Agent Evaluation Field Notes

Agent Evaluation Field Notes is a compact public collection of scorecard templates, trajectory replay checklists, RAG guardrail smoke tests, small datasets, and demo launch pages for evaluating tool-using AI agents.

The goal is practical repeatability. These artifacts are intentionally small enough to copy into a real engineering workflow and concrete enough to support review during agent rollout decisions.

Public Anchors

What Is Included

  • Operational scorecard patterns for tool-using agents.

  • Trajectory replay notes for debugging agent regressions.

  • RAG guardrail smoke tests for prompt injection and vector poisoning checks.

  • Starter artifacts for cloud, notebook, data, docs, and developer platforms.

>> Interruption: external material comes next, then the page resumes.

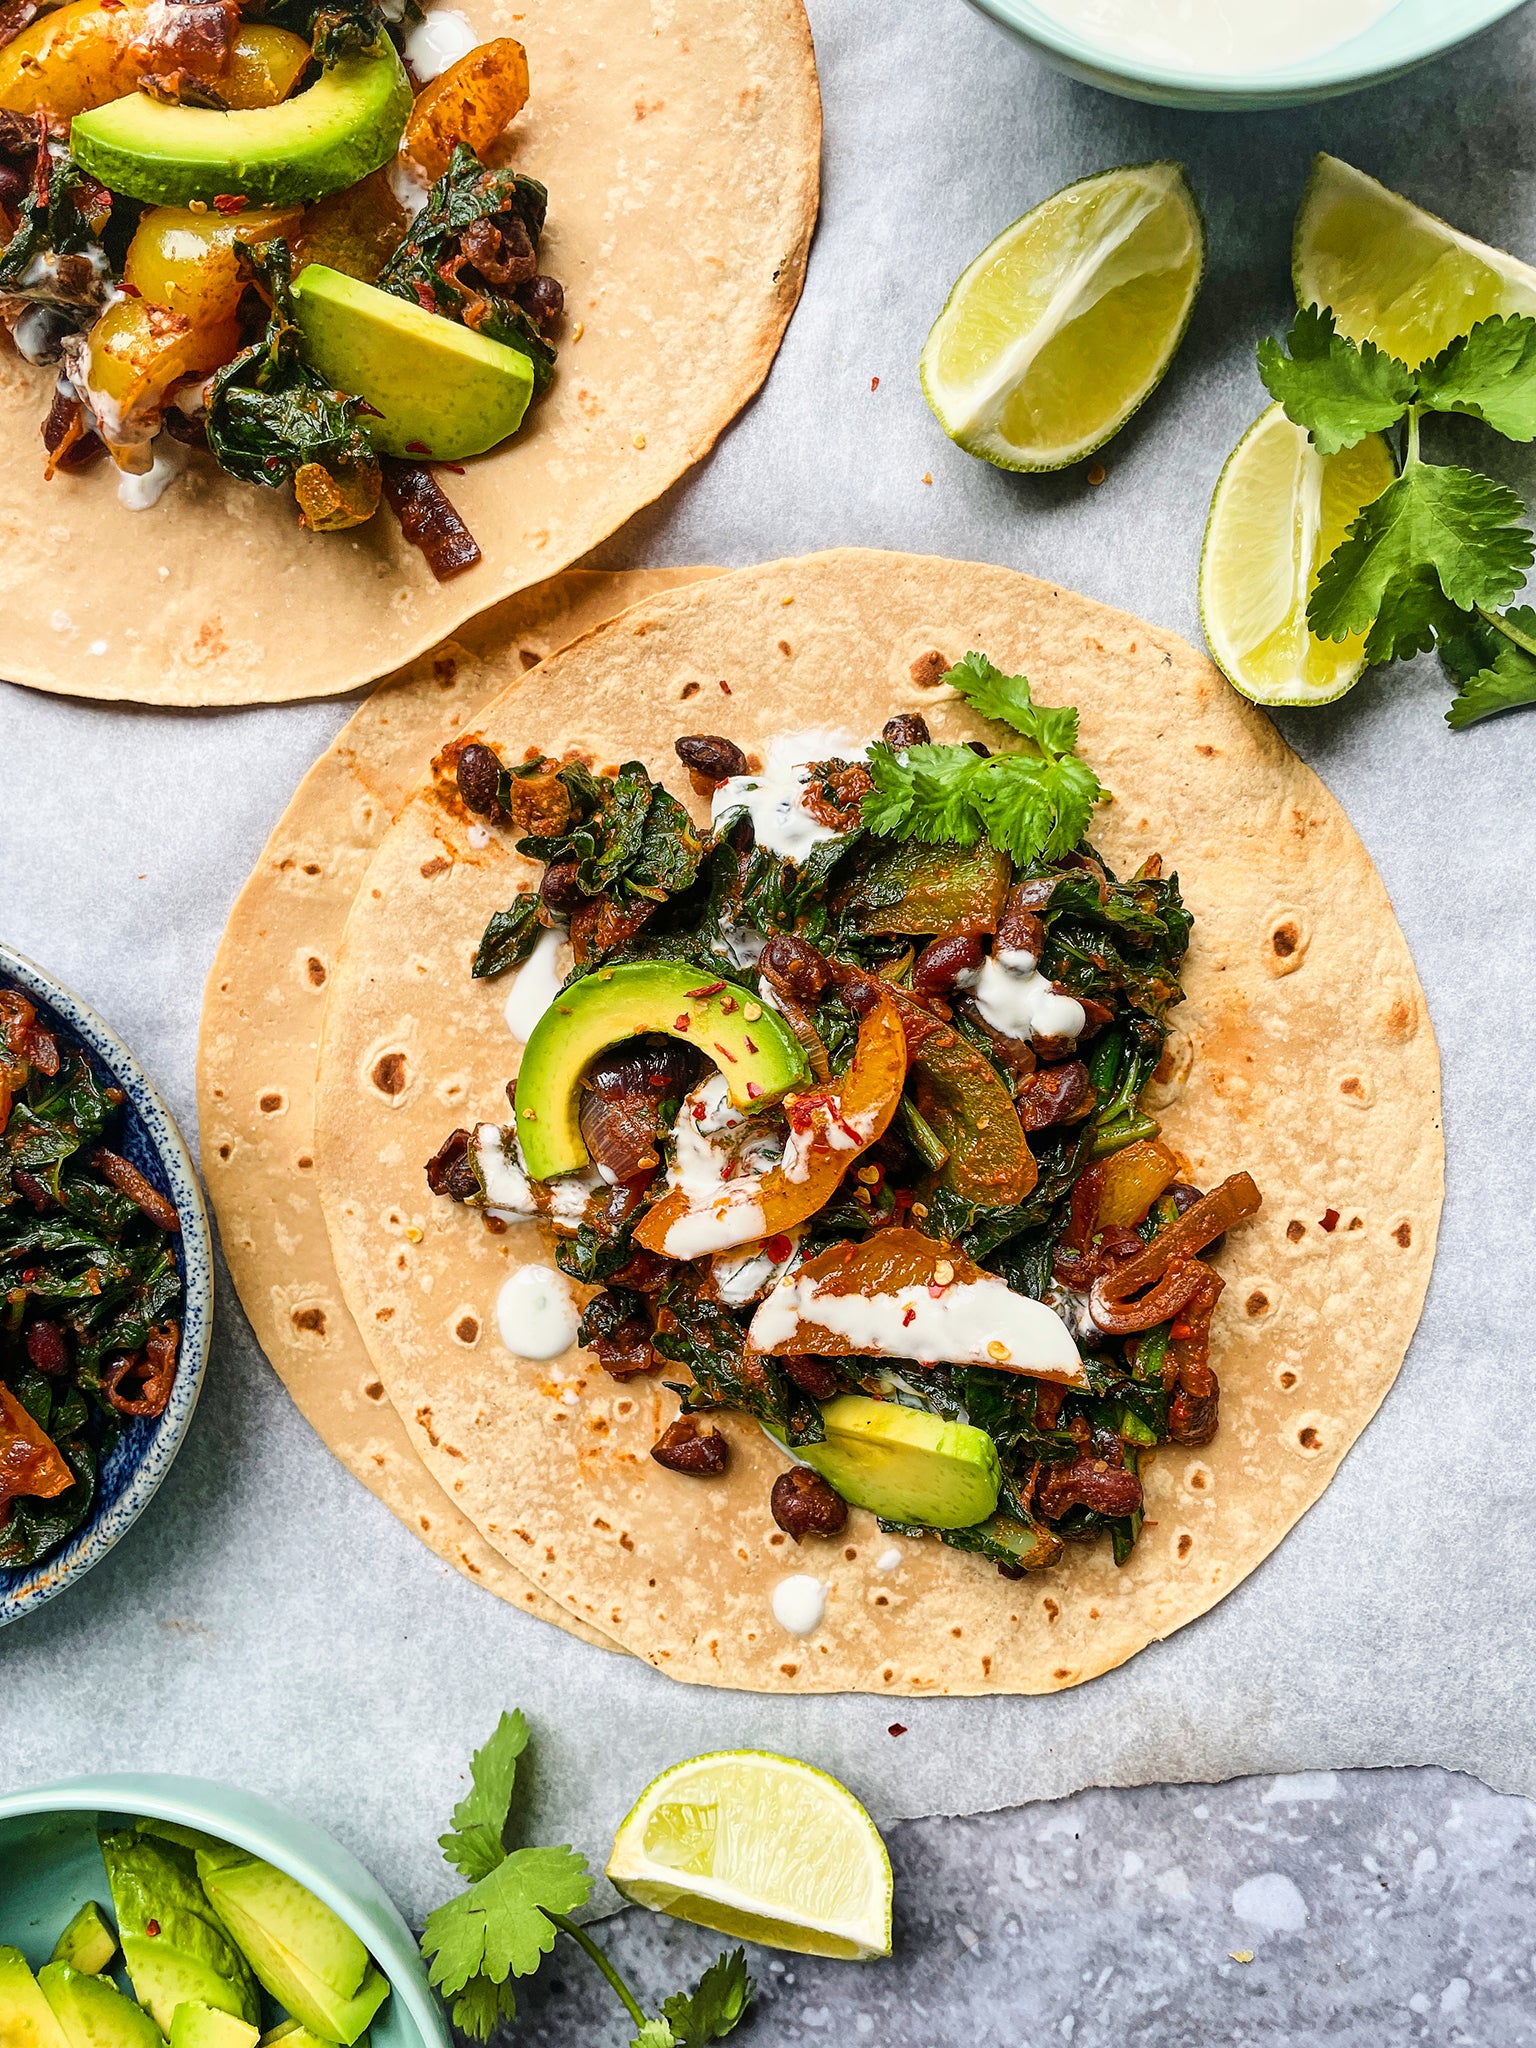 Made with black beans and juicy avocadoes, these fajitas are suitable for vegetarians and a source of fibre and protein

  • Small public datasets that can be reused in demos and documentation.

Repository Layout

starter-artifacts/scorecard-api

FastAPI scorecard endpoint that returns structured evaluation examples.

starter-artifacts/static-site

Static public landing page for the field-notes surface.

starter-artifacts/notebook

Notebook-style markdown walkthrough for scorecard analysis.

starter-artifacts/dataset

Small CSV and metadata files for platform submissions.

starter-artifacts/docs

Reusable documentation notes and submission copy.